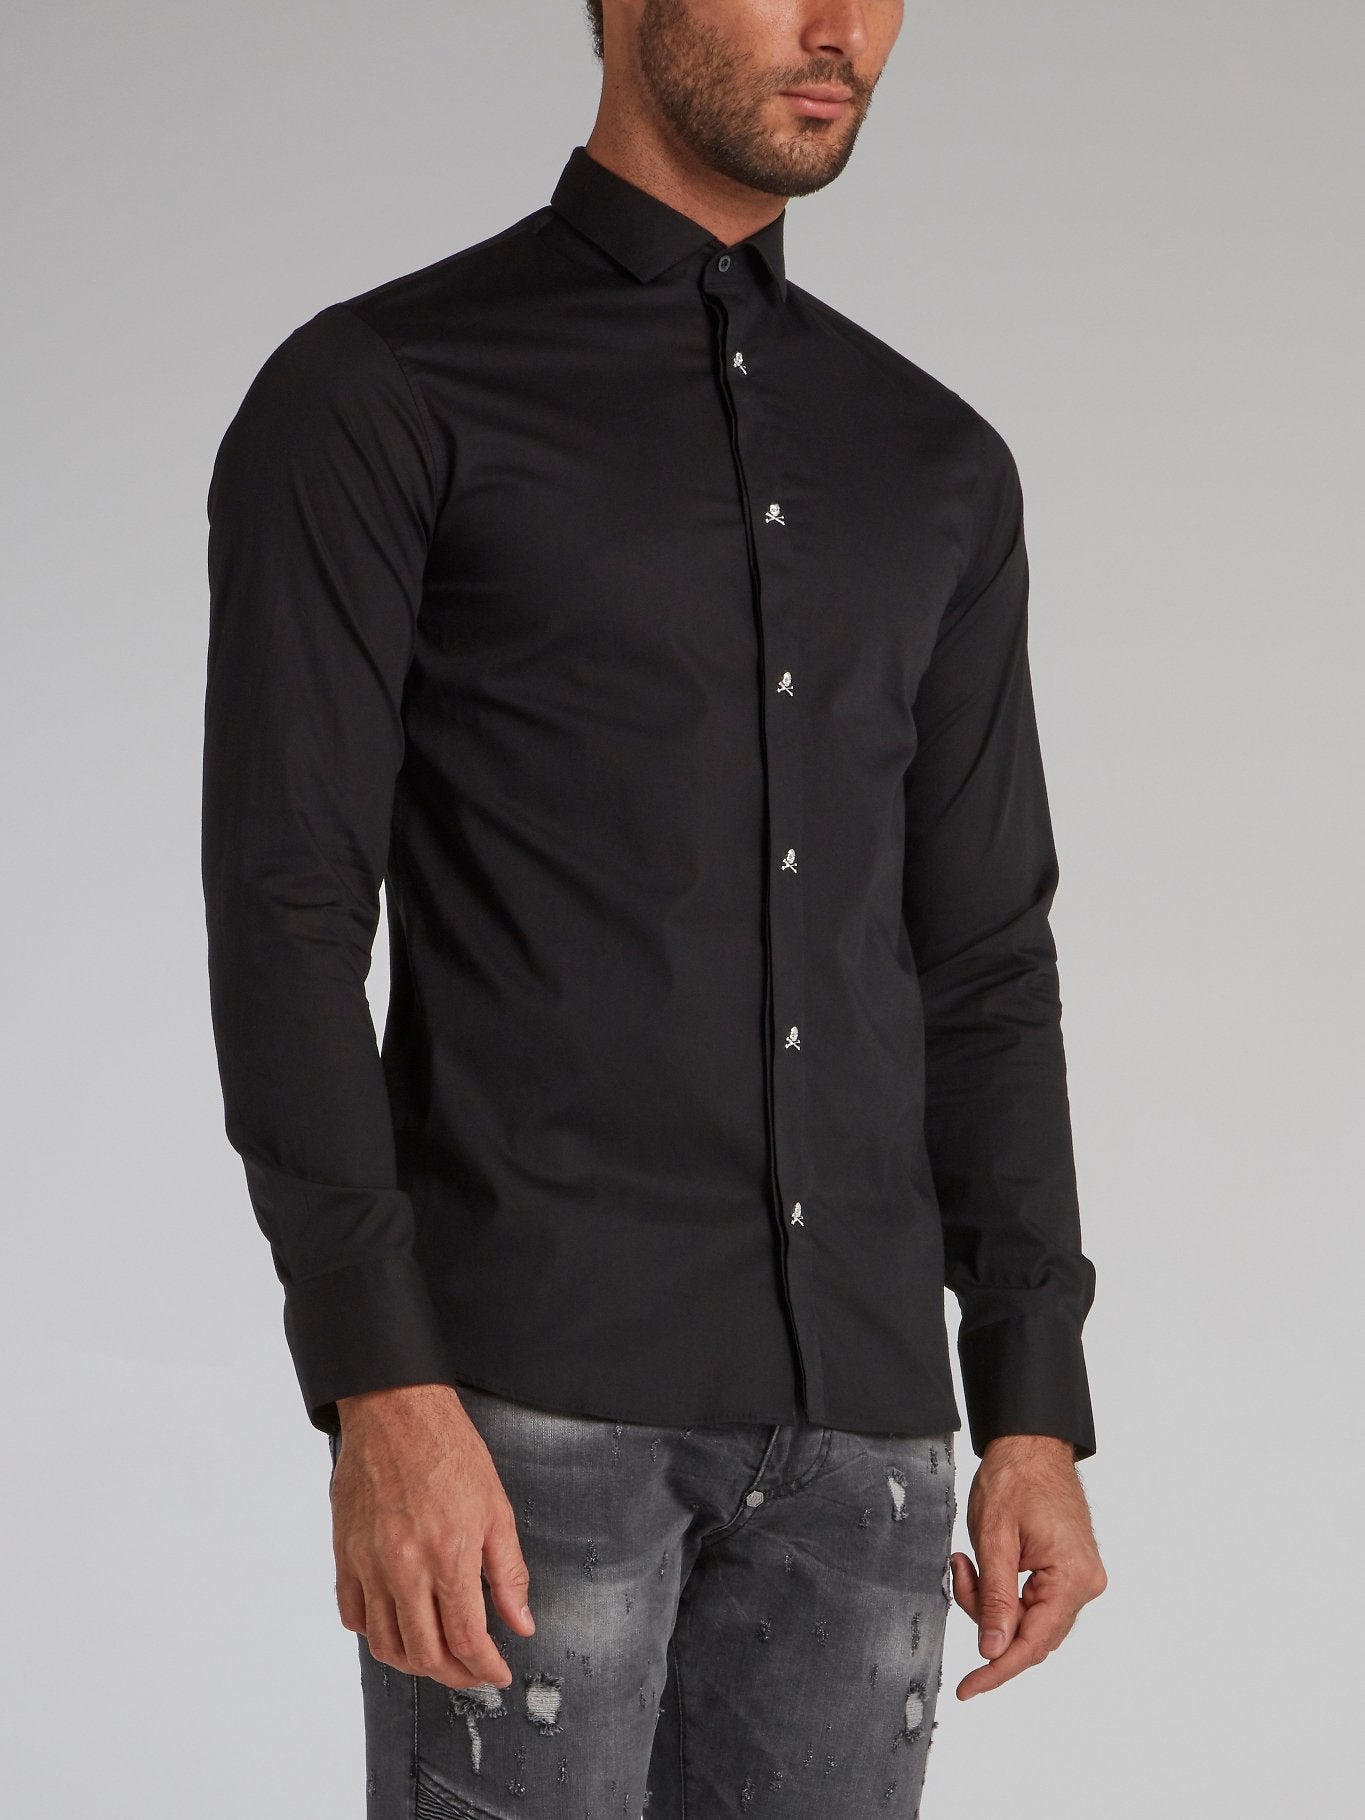 Black Skull Embellished Button Up Shirt
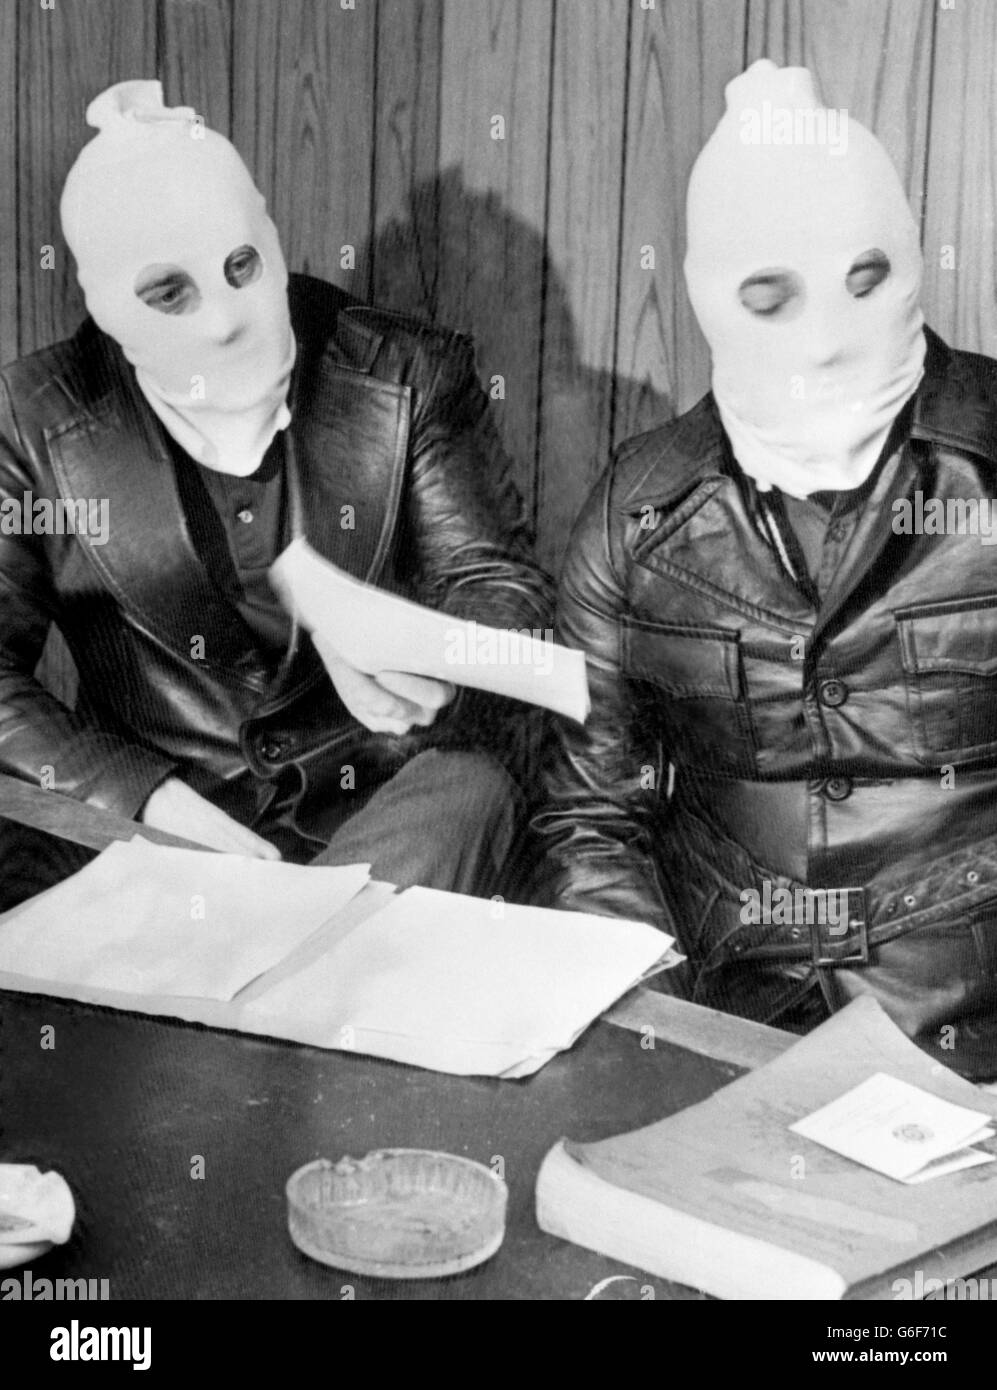 Hooded Leaders of the Ulster Volunteer Force in una conferenza stampa a Belfast. Due membri dell'Ulster Defense Association sono stati uccisi durante il fine settimana da uomini di armi mascherate. Foto Stock
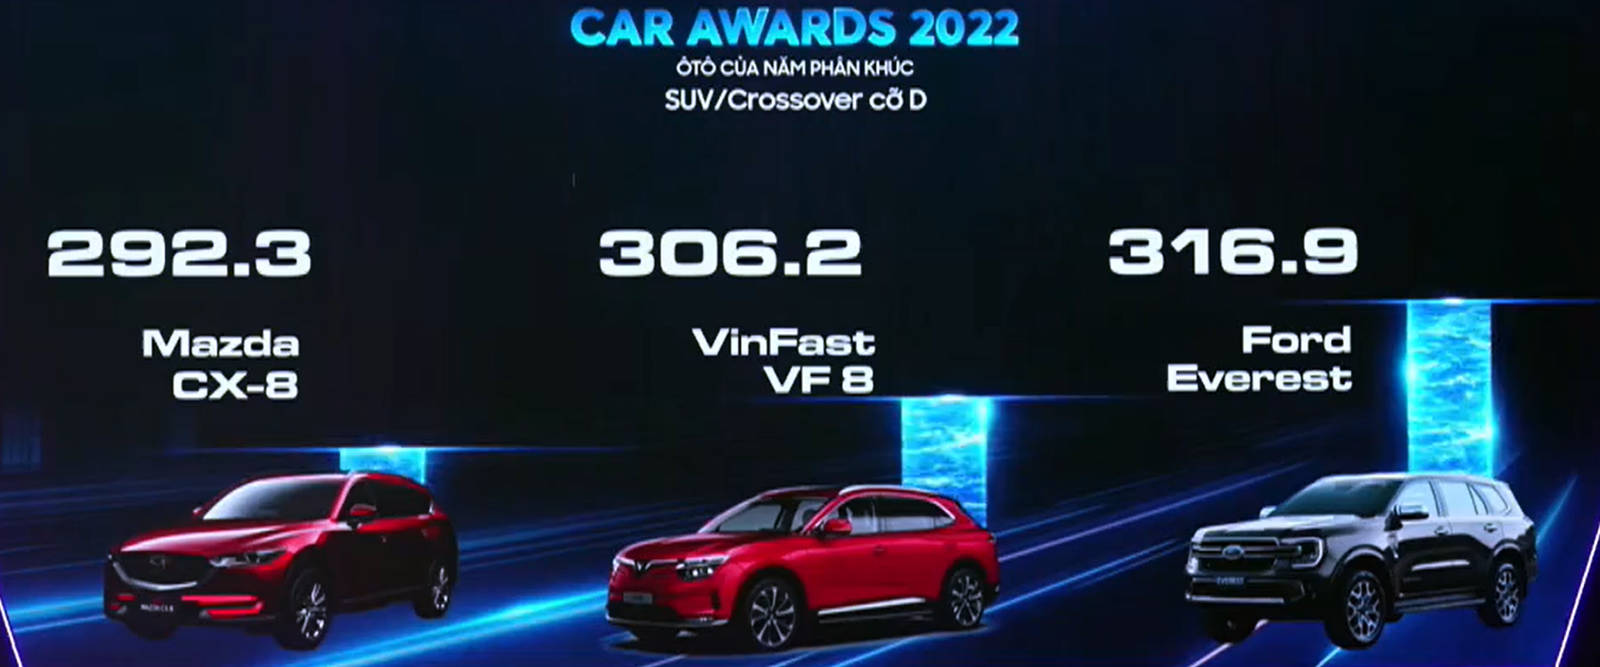 car-awards2022-03.jpg

**Instructions for the task**
When you reproduce the data shown above, keep each line exact and omit every picture.

**Finished exercise**
 Black Skull Embellished Button Up Shirt
 Hooded Leaders of the Ulster Volunteer Force in una conferenza stampa a Belfast. Due membri dell'Ulster Defense Association sono stati uccisi durante il fine settimana da uomini di armi mascherate. Foto Stock
 car-awards2022-03.jpg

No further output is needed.